Lonsdale is not arguing that AI is irrelevant. He is invested in it. The source says he is a general partner at 8VC, which has investments in several AI companies. In a comment, Lonsdale wrote, “I believe in higher productivity thanks to AI,” and added, “I also know what hundreds of companies are doing.” That combination is important: the critique is aimed at the accountability framing, not at AI’s existence. Even if AI does help teams do more with fewer resources, the “reason” for layoffs is still a governance and execution question. Boards and executives have to answer whether the layoffs are tied to real operational transformation or to earlier over-hiring and slower-than-budgeted growth.
The pushback around these AI-labeled layoffs also has high-profile echoes. In February, OpenAI CEO Sam Altman said companies were “AI-washing” layoffs, adding that people blame AI for layoffs that they would otherwise do. The source also notes that Block CEO Jack Dorsey has faced accusations that he masked a correction to over-hiring during the pandemic, and that he responded it was true but “misses all the complexity.” Taken together, the public debate is turning into a credibility problem: when layoffs happen, the narrative choice becomes part of the fight, not just the staffing reduction itself.
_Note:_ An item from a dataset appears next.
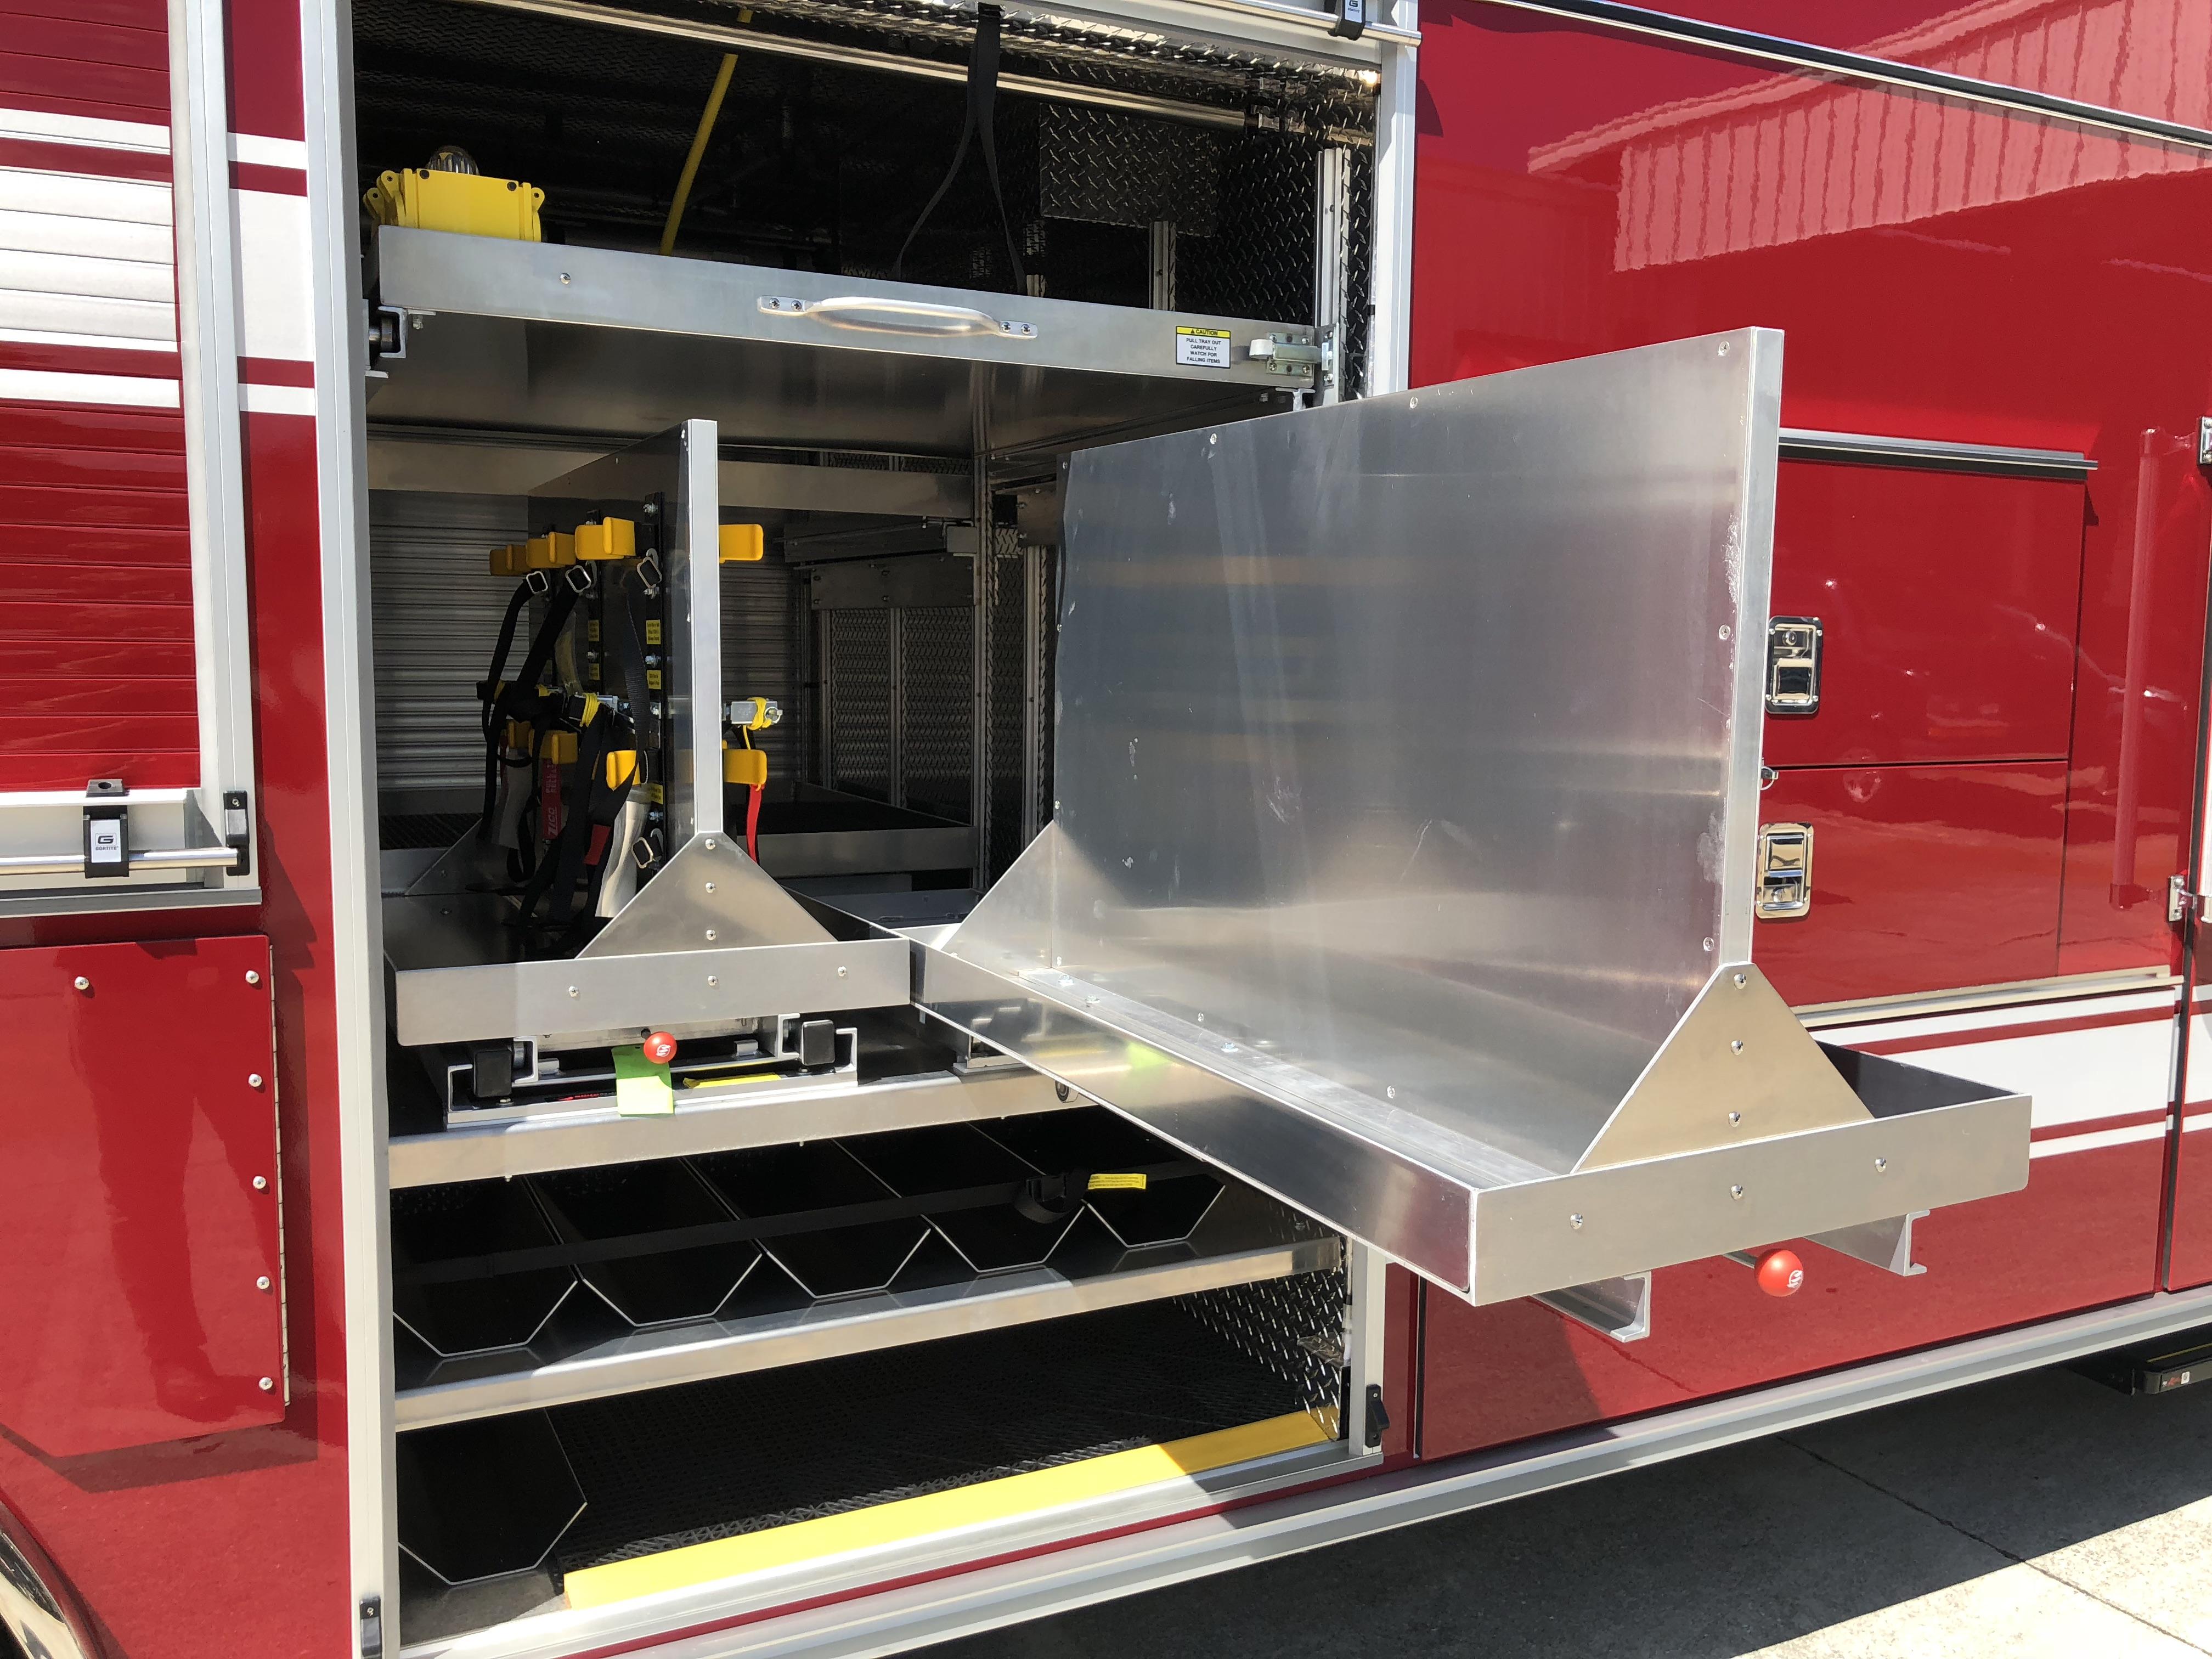 25-Ft. Crew Body Haz-Mat Rescue

And this is spreading beyond Palantir. The source says venture capitalist Marc Andreessen cosigned Lonsdale’s message. Khosla Ventures partner Jon Chu also cosigned and called out “Meta and Square as clear examples.” On the employee-side of the discussion, Gannon McCollum, a staffer at Elon Musk's xAI, commented that the AI excuse “sounds a lot better than leadership admitting they failed to manage their growth.” Lonsdale responded with a bullseye emoji. Others piled on too: Dockvine founder Sid Jain called it the “PR machine,” and Fuse founder Alan Chang asked, “If leaders can't admit their own mistakes, how can they expect employees to admit theirs?” The pattern is clear: in a world where AI is the default answer for many performance narratives, skeptical voices are testing whether the explanation is real or just well-branded.
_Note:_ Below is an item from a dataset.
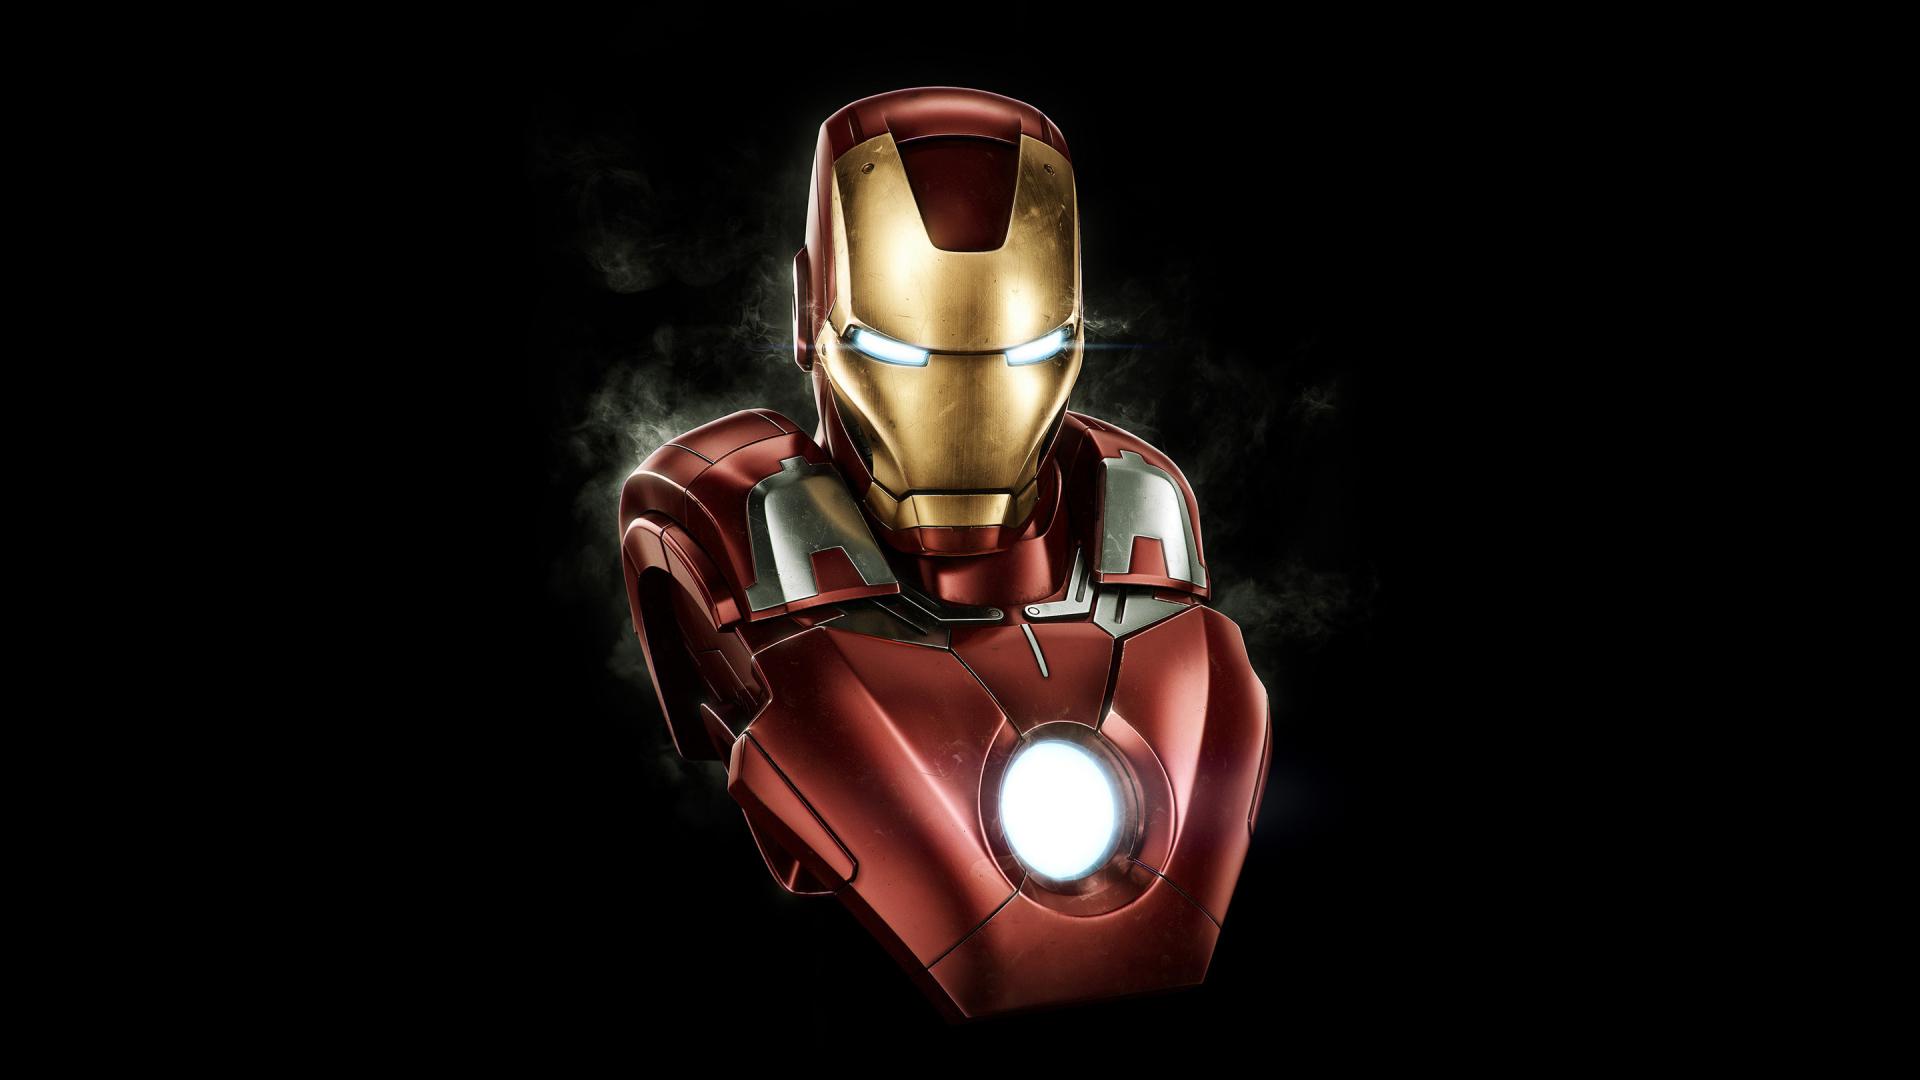 Download 1920x1080 Wallpaper Iron Man Dark Artwork Full Hd

So what does this mean for decision-makers right now? First, if your company is preparing layoffs or justifying a workforce reset, expect scrutiny on whether “AI productivity” matches your actual operational changes. Second, if your company hired aggressively in the 2021-2023 wave or is missing growth targets versus budget, Lonsdale’s framing suggests leadership may be under pressure to own the real source of the adjustment. Finally, even if AI can drive genuine efficiency, the strategic stake is trust: employees watch the memo language, investors read between the lines, and the market learns fast. Lonsdale’s core point is not that AI is fake. It is that accountability cannot be outsourced to a technology trend.
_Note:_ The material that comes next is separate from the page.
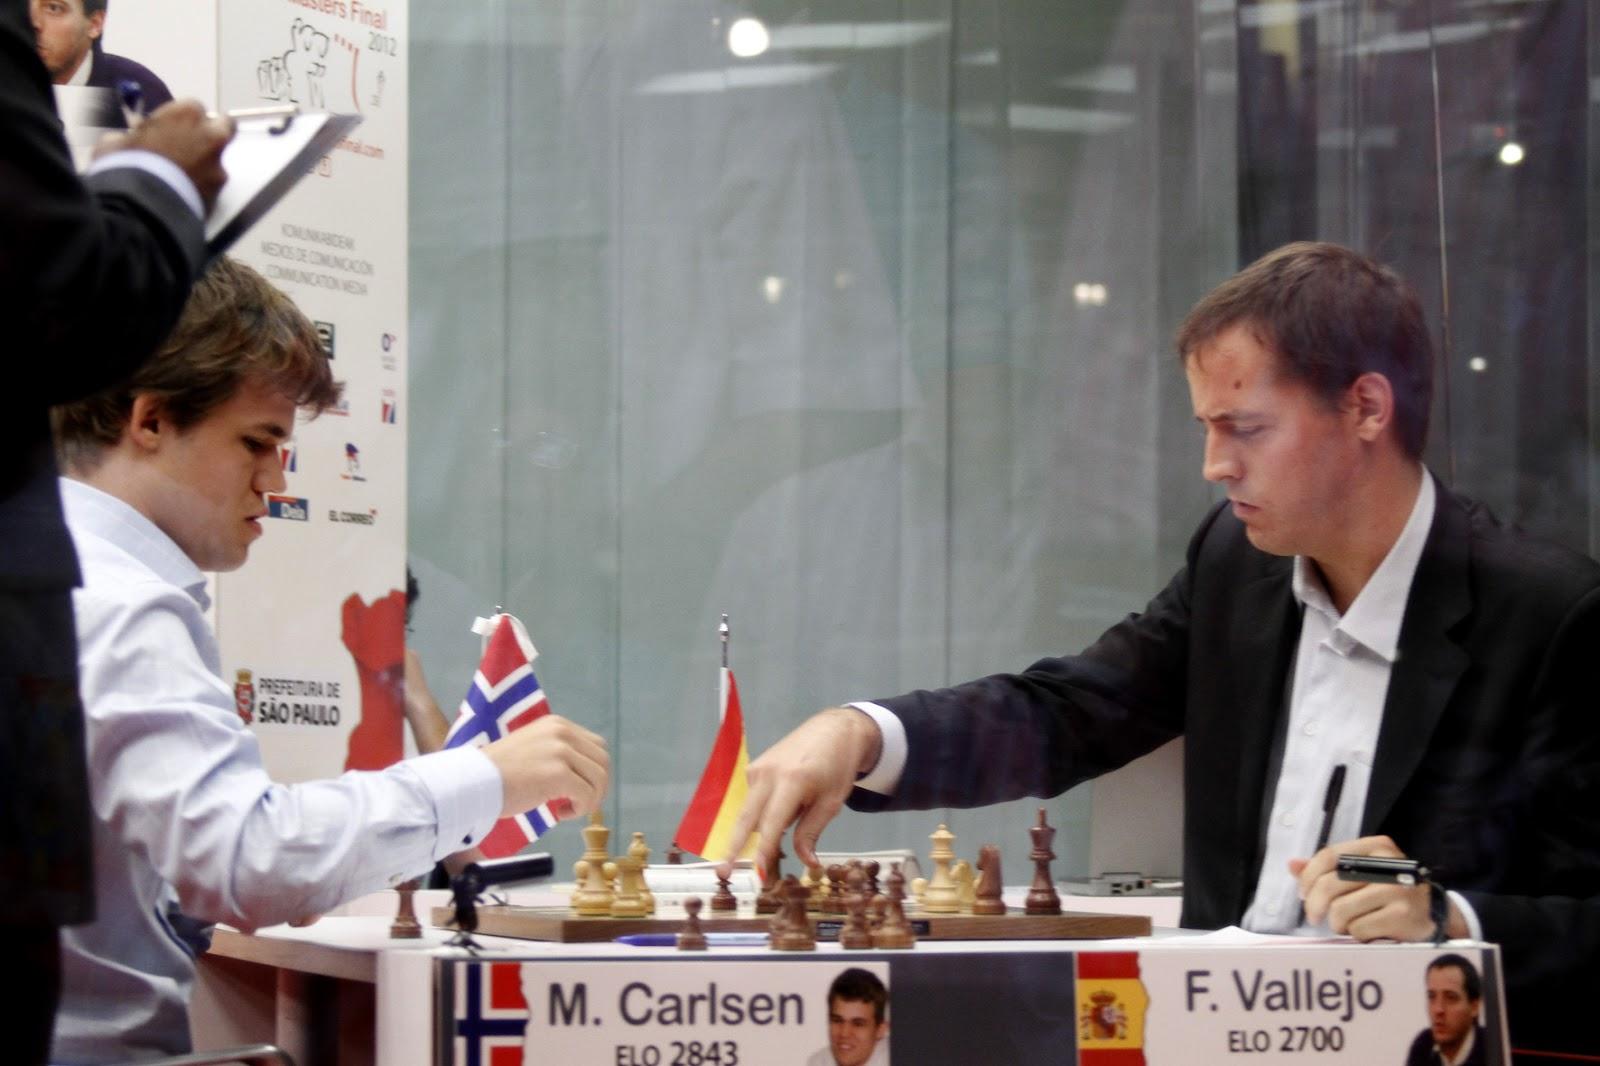 Aronian karjakin chess masters bilbao 2012

In the end, this is a governance question dressed in tech clothing. AI is reshaping how software companies build and deliver value, but layoffs remain a business decision with human consequences. If leaders use AI productivity as a cover story, they risk turning restructuring into a credibility crisis. And if they do it transparently, they can still make a serious case: that AI has truly changed the work, the organization, and the path to growth. The difference will be what executives choose to admit and what employees believe.